Temps de Lecture 4 min.

L'exploitation de cette réserve écologique d'Amazonie aura lieu, après l'échec d'un plan international pour éviter l'extraction du pétrole qui s'y trouve.

L'Equateur est le plus petit pays membre de l'Organisation des pays exportateurs de pétrole (OPEP) ; environ un cinquième de ses ressources supposées reposent dans le sous-sol du parc Yasuni reconnu pour sa grande richesse en matière de biodiversité. Entre la sauvegarde de ce petit bout d'Amazonie et l'exploitation des énergies fossiles, le président équatorien, Rafael Correa, a tranché en faveur de la seconde.

Les champs pétroliers d'Ishpingo, de Tambococha et de Tiputini – dits "ITT" – et leurs quelque 900 millions de barils de pétrole seront donc exploités, a annoncé, jeudi 15 août lors d'une allocution solennelle, le président Correa, avec une "profonde tristesse".

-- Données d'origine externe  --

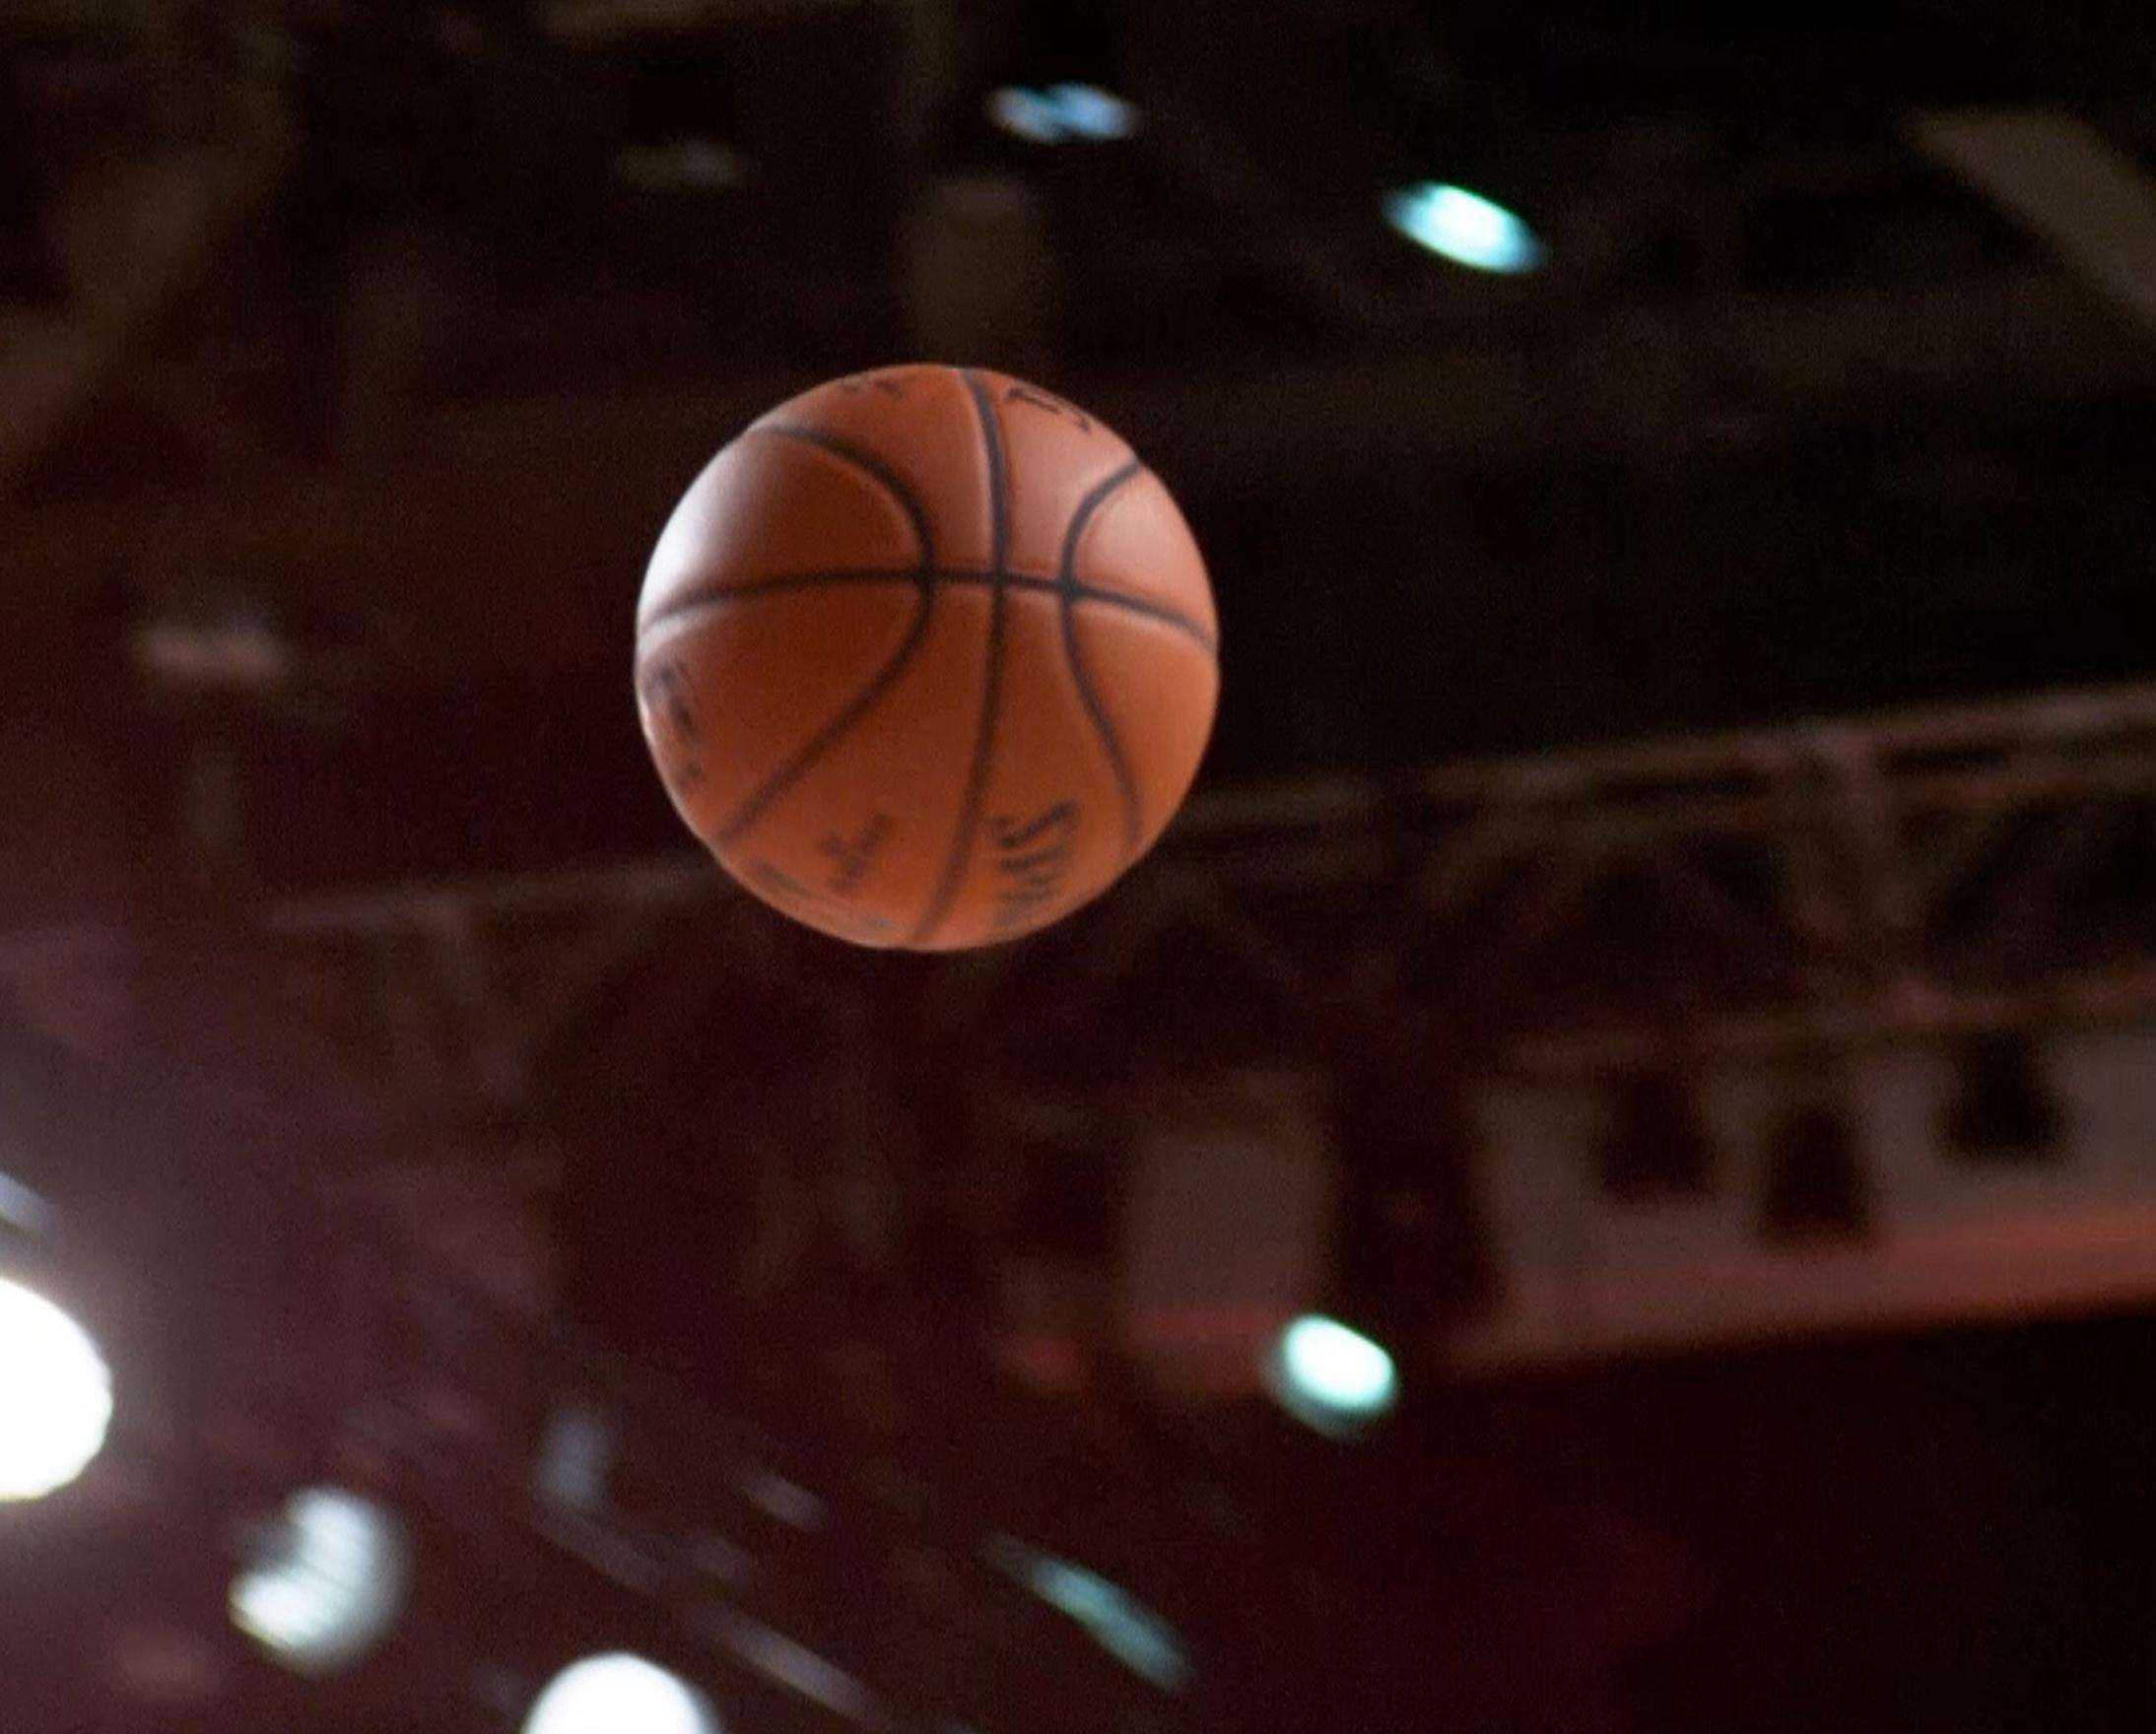 A basketball flies through the air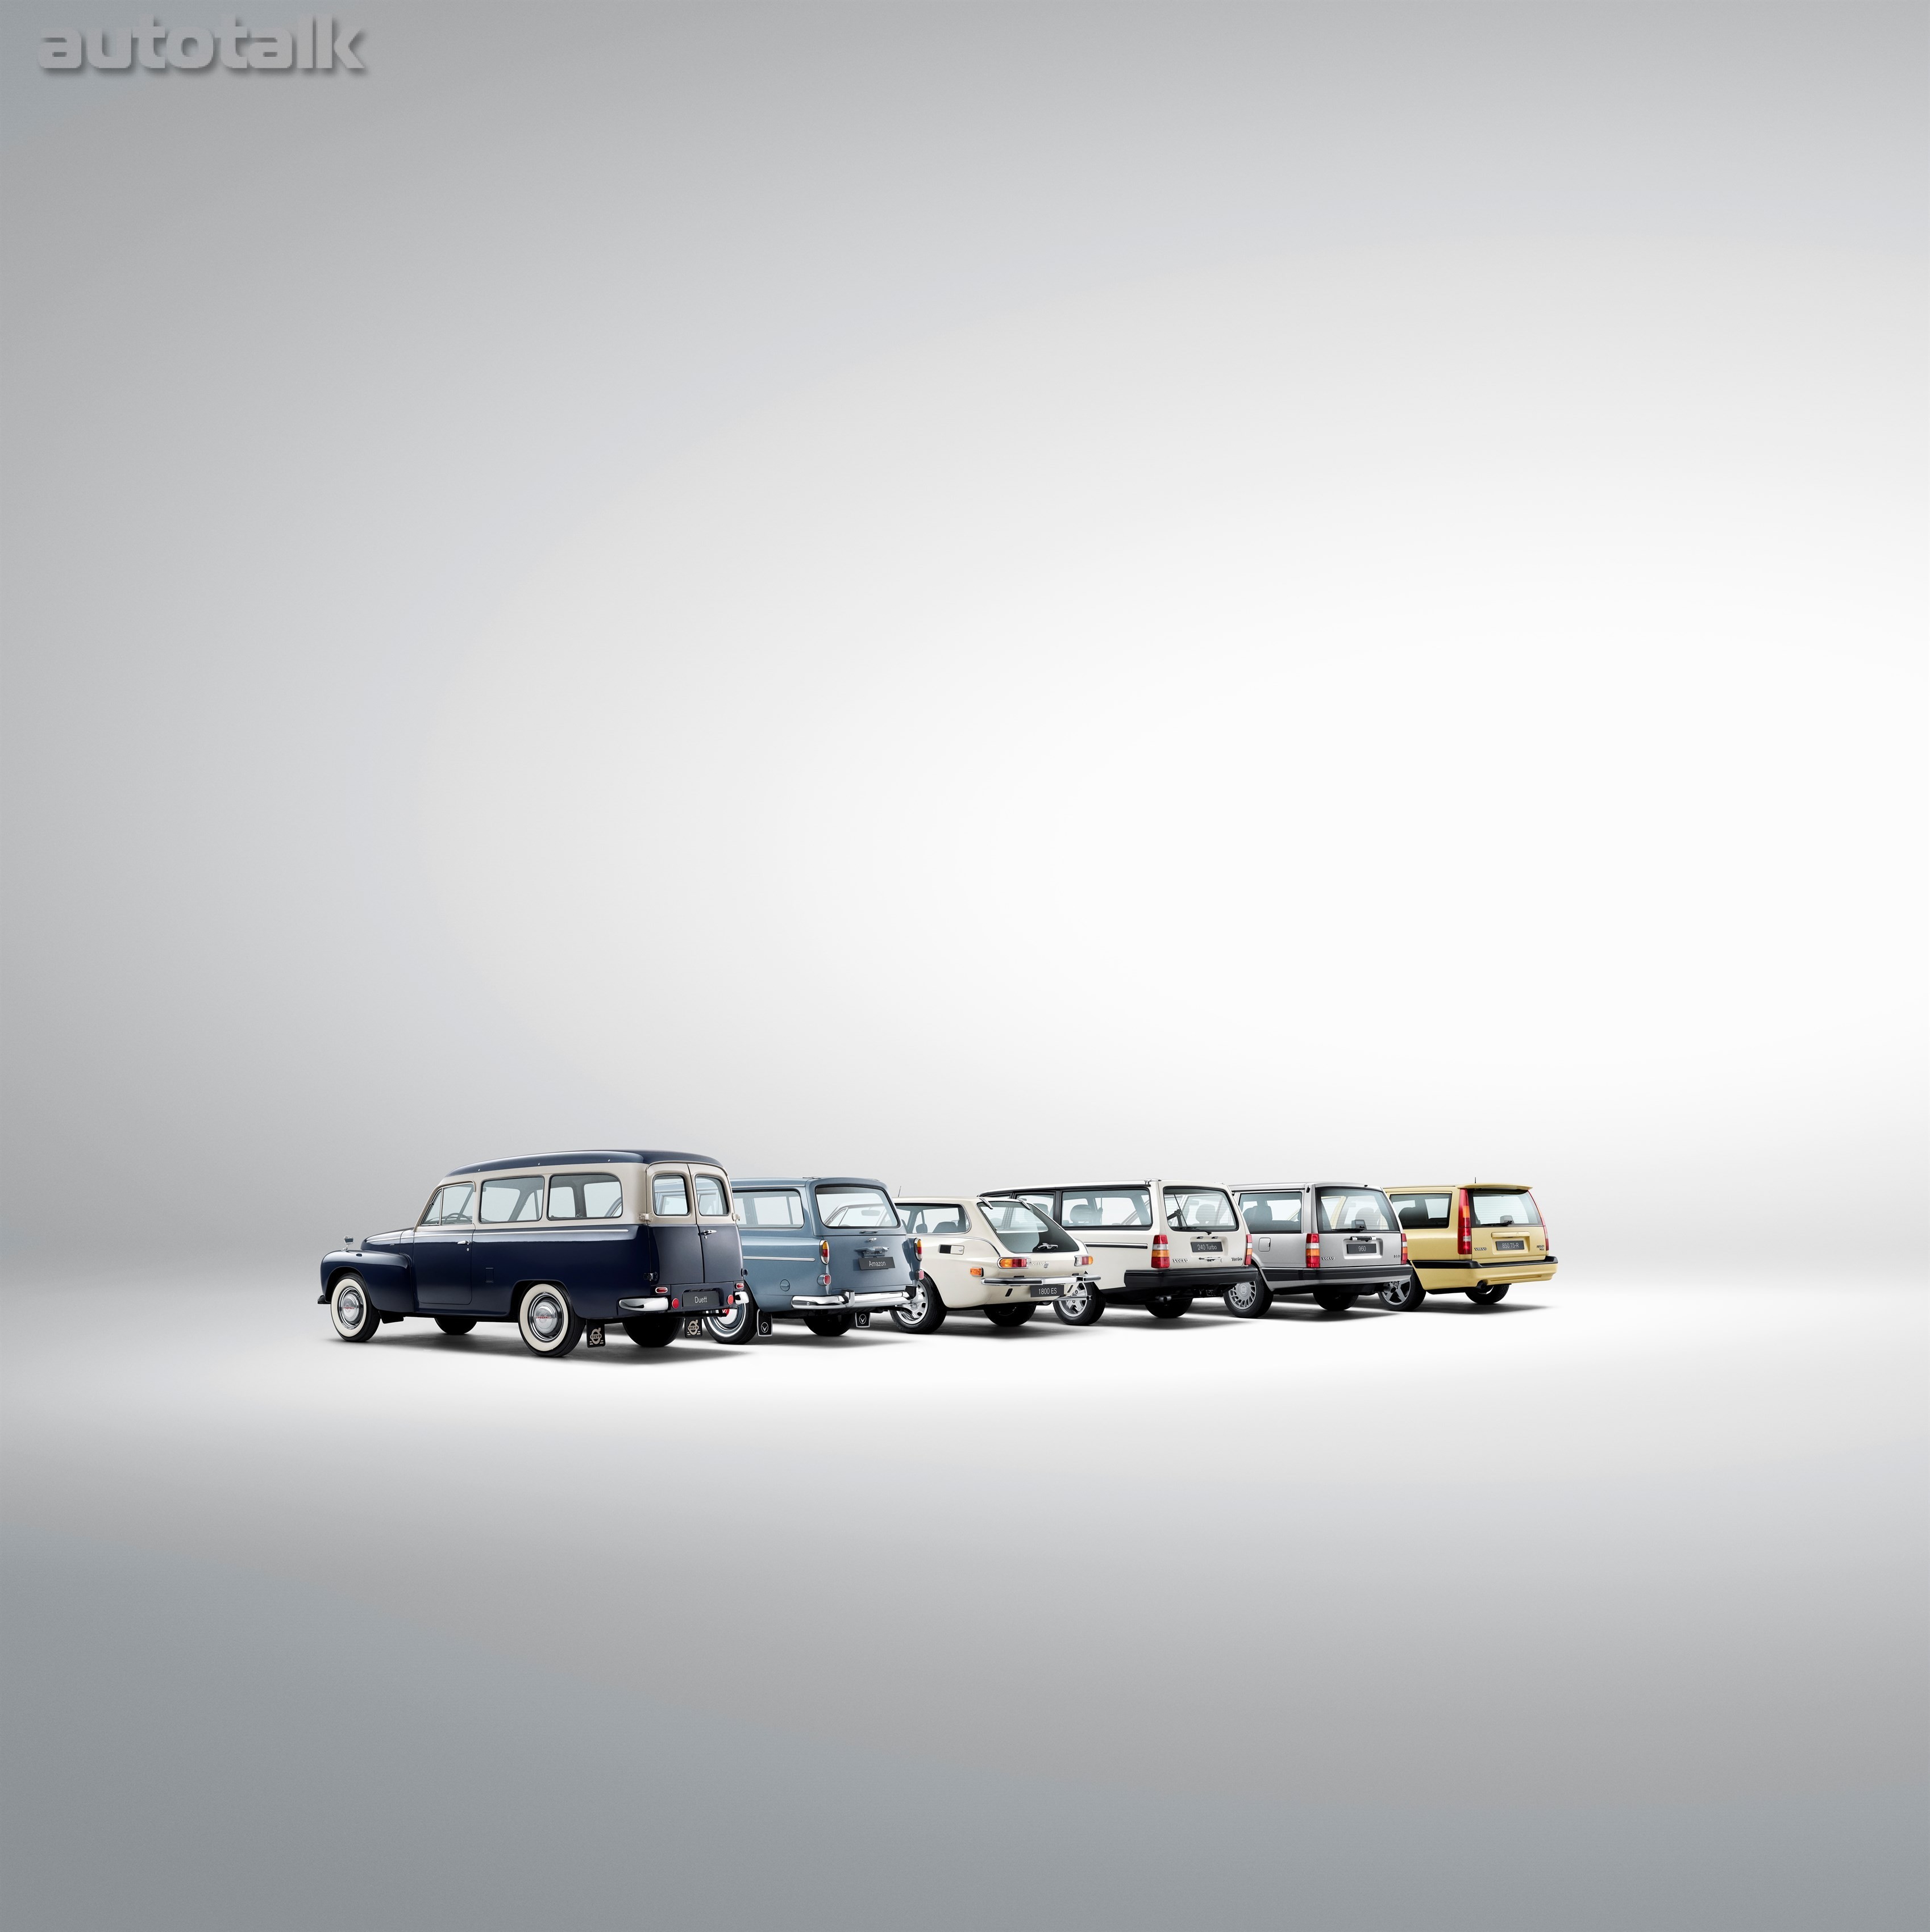 Historical line-up of Volvo estate models

Réélu en février, Rafael Correa avait promis d'approfondir sa "révolution citoyenne" où doivent se mêler transformation sociale du pays et respect de l'environnement. M. Correa a reconnu avoir pris"une des décisions les plus difficiles de tout [son] gouvernement" en favorisant le pétrole aux dépens de cette réserve de biosphère classée par l'Unesco (PDF), où vivent 696 variétés d'oiseaux, 2 274 d'arbres, 382 de poissons, 169 de mammifères ou encore 121 de reptiles, ainsi que des dizaines de milliers d'espèces d'insectes.

Le président équatorien Rafael Correa, à Quito, le 15 août.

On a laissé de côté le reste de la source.